The Thirteen Dirty Secrets That A Fraudster Does Not Want You To Know? by Joshua Horn in Securities Compliance Sentinel

The late great comedian, George Carlin, was made famous by his routine, “The Seven Dirty Words You Can Never Say On Televisions”. Likewise, fraudsters do not want compliance personnel to ever mention the 13 common dirty traits that may uncover a fraud.

Two Actions Against Investment Advisers by Thomas O. Gorman in SEC Actions

The Commission filed two settled administrative proceedings this week against investment advisers. Each centered on the disclosures made to clients. One involved advertisements while the other involved the fees charged.

Since the early 1990s the advertisements for the bond program have claimed that it has had “no down years” since it’s the inception….In 2005 BTS learned that about half of its clients would have had a down year in 2004 with losses of up to 3.3% following the buy/sell signals.

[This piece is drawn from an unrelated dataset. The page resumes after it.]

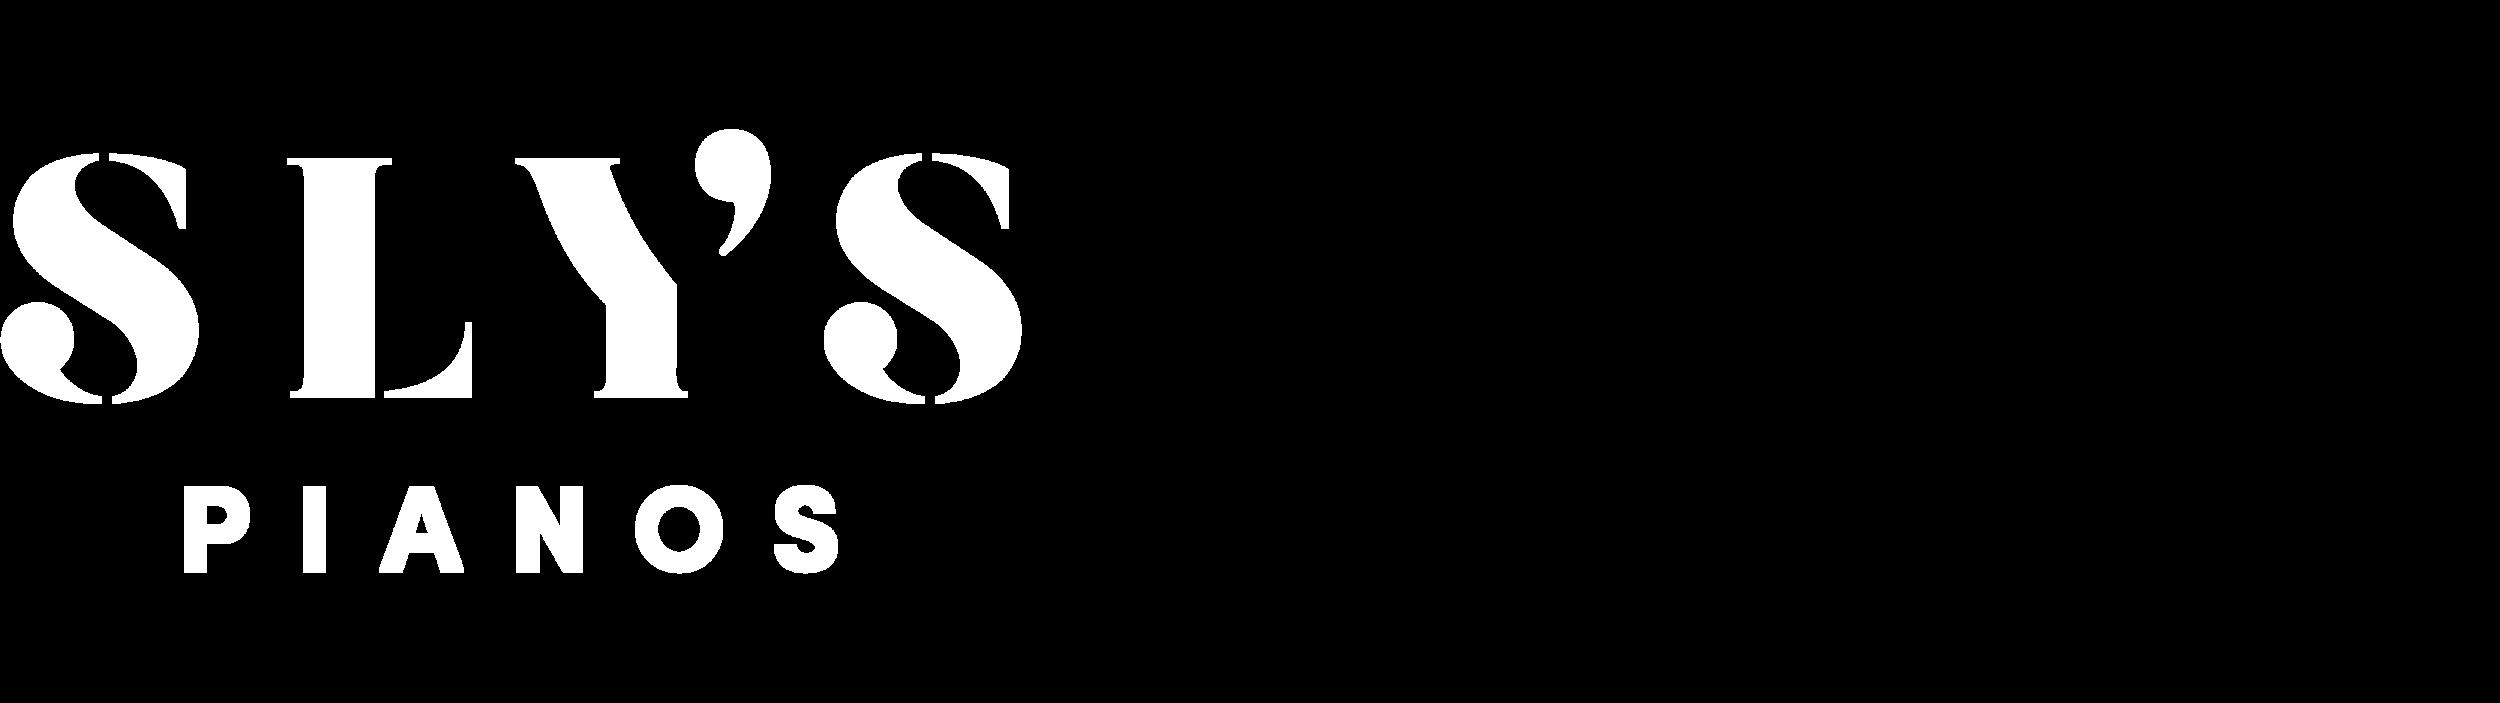 slys pianos logo.png
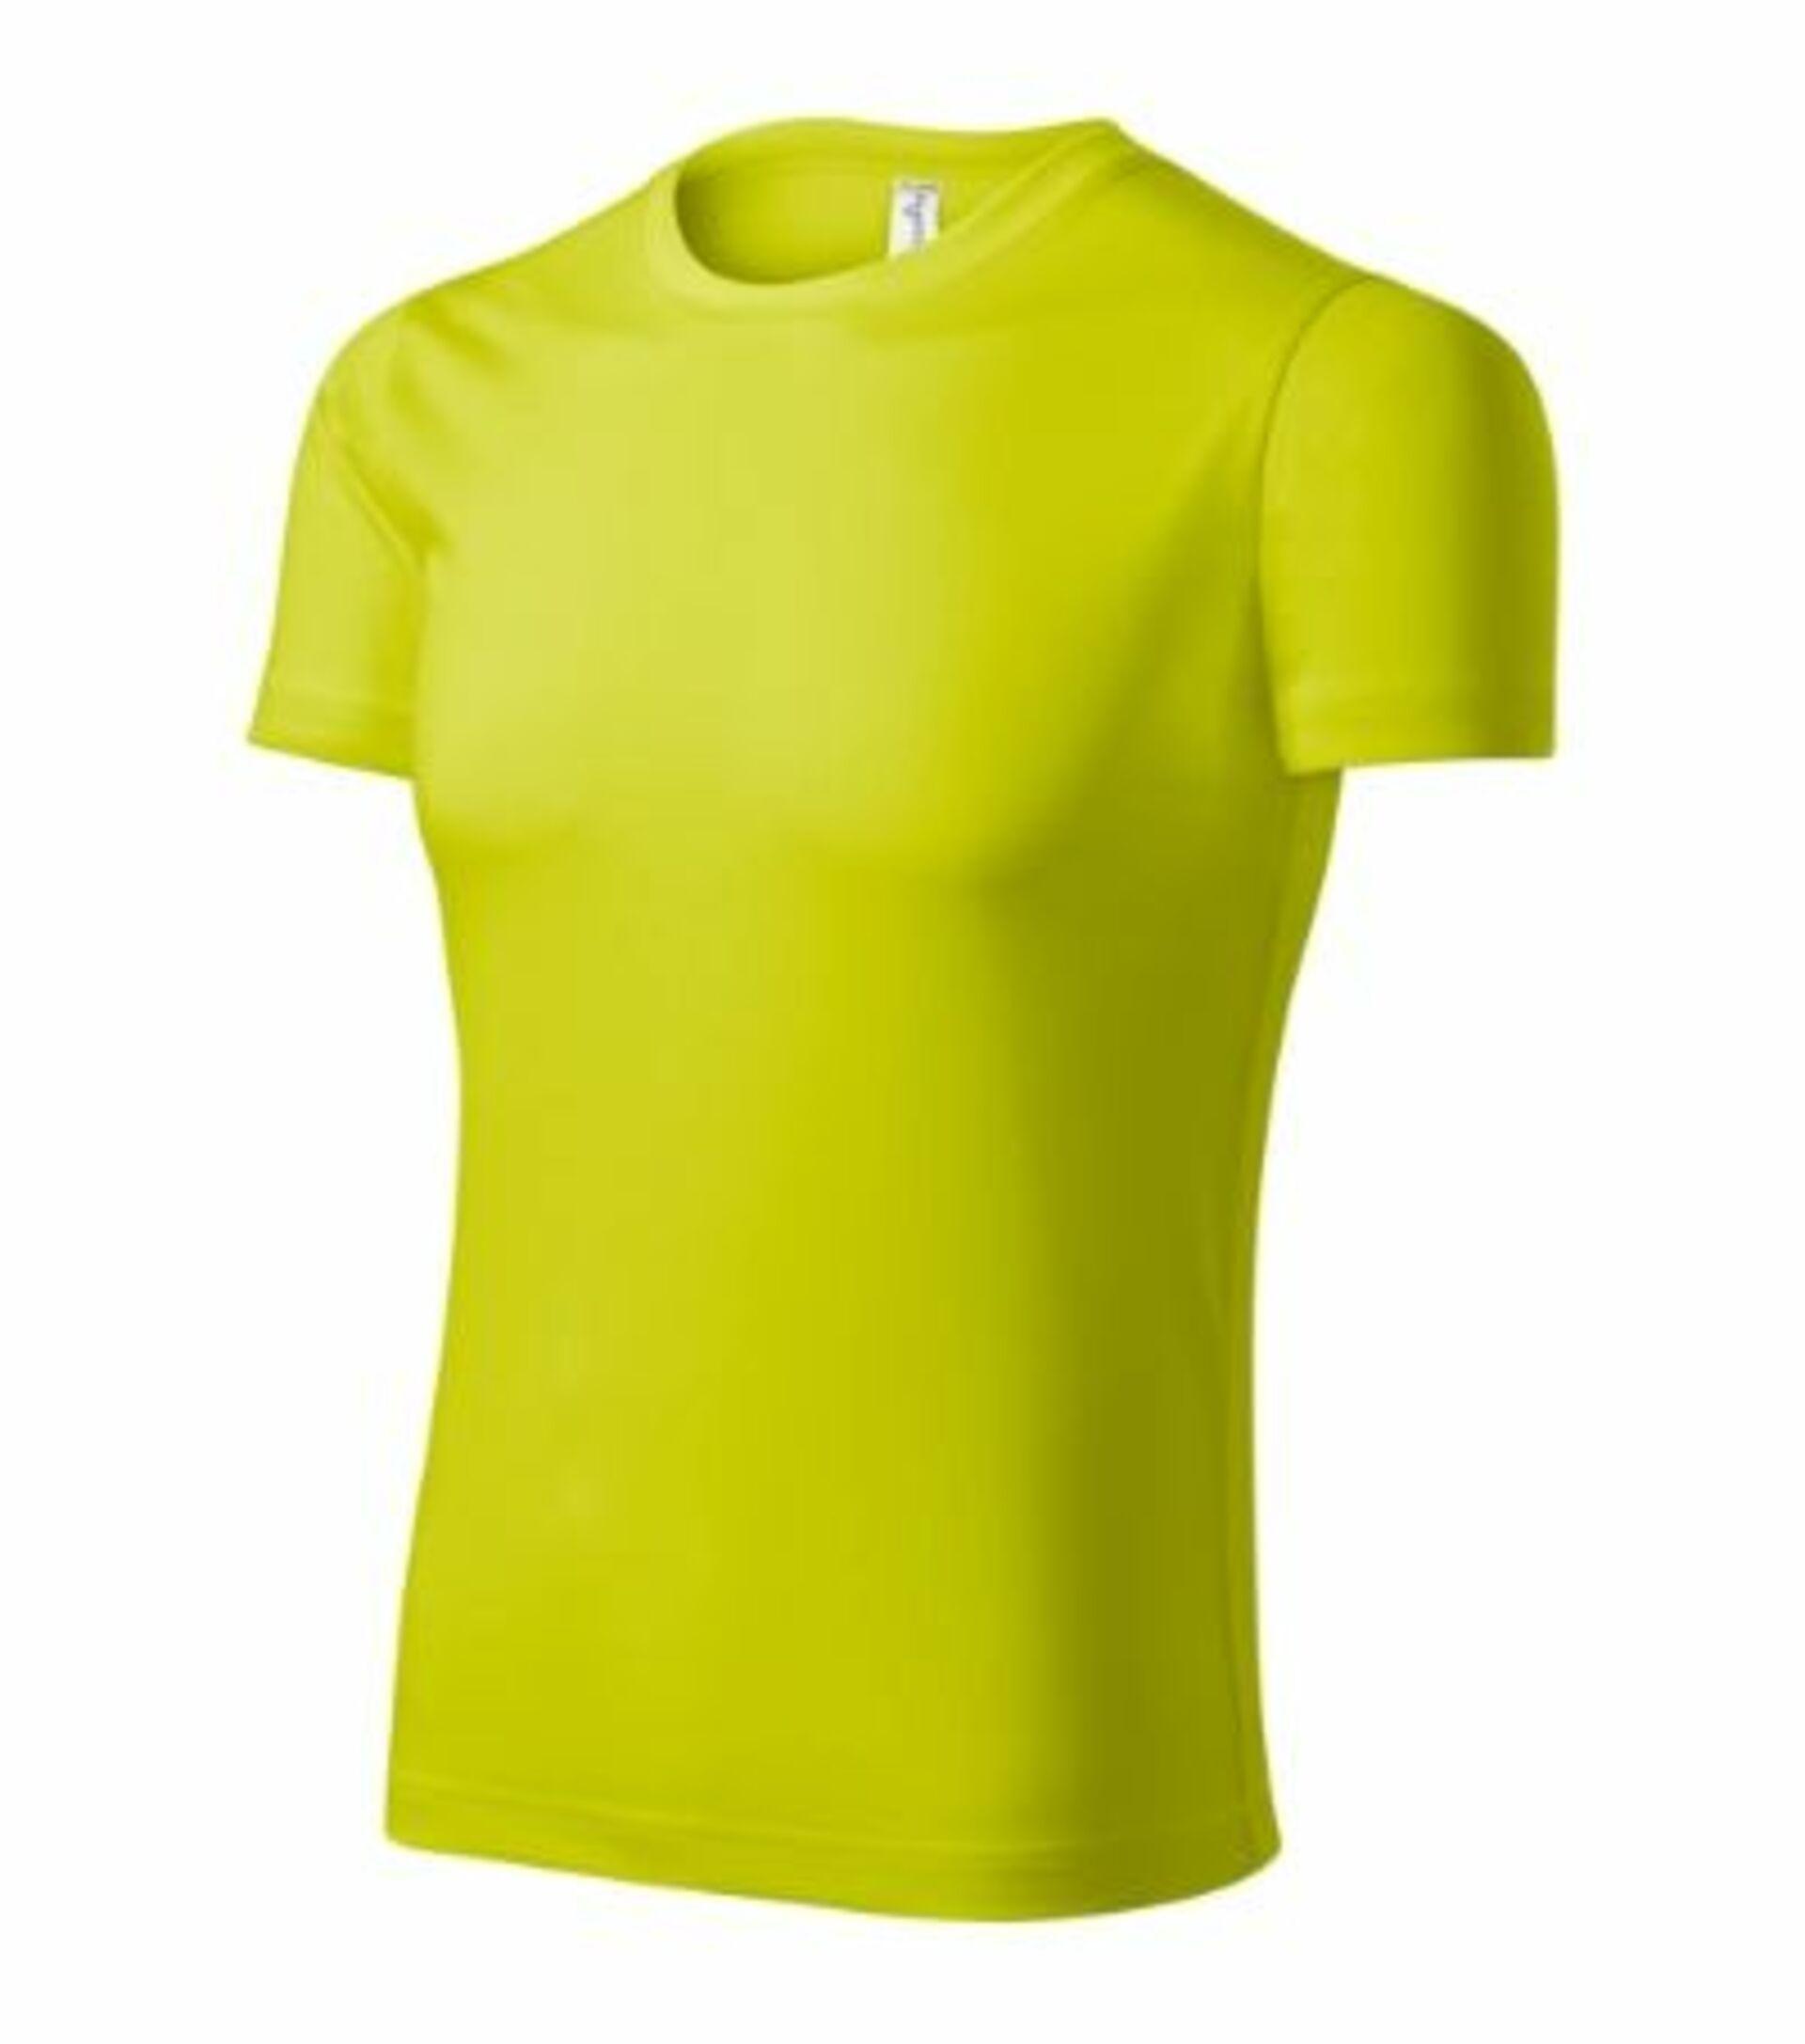 Malfini ADLER PIXEL P81 Tričko žlutá L

The fact that a significant percentage of its clients likely would have had results which materially varied from the “no down year” claim made the advertisements false and misleading, violating Advisers Act Section 206(4), according to the Order.

The second named as Respondents Tilden Louchs & Woodnorth, LLC, Woodnorth, LLC, LaSalle St. Securities, LLC and Ralph Loucks….Beginning in late October 2007, and continuing until early 2012, Tilden charged client commissions that exceeded the fees it paid LaSalle to execute trades. The higher commissions represented undisclosed compensation for Tilden and Mr. Loucks. Under this arrangement clients paid on average $143.77 per trade, according to the Order. At the same time Tilden paid LaSalle an average of $37.47 to execute the trades. The excess went to Tilden. The arrangement was not disclosed. To the contrary, the Forms ADV told clients they were getting a discount. Tilden had over $186,000 in undisclosed compensation, shared by Mr. Loucks. The Order alleges violations of Advisers Act Section 206(2) and 207.

Exchange got black eye from going dark: Arthur Levitt in Investment News

“People look to the New York Stock Exchange (NYX) as being the symbol of American capitalism, and to see the exchange go down for two days without an adequate backup plan is very, very unfortunate,” Levitt said on a Bloomberg Radio interview. “To see the New York Stock Exchange crippled is a body blow that will really shake the image of that institution for a long time to come.”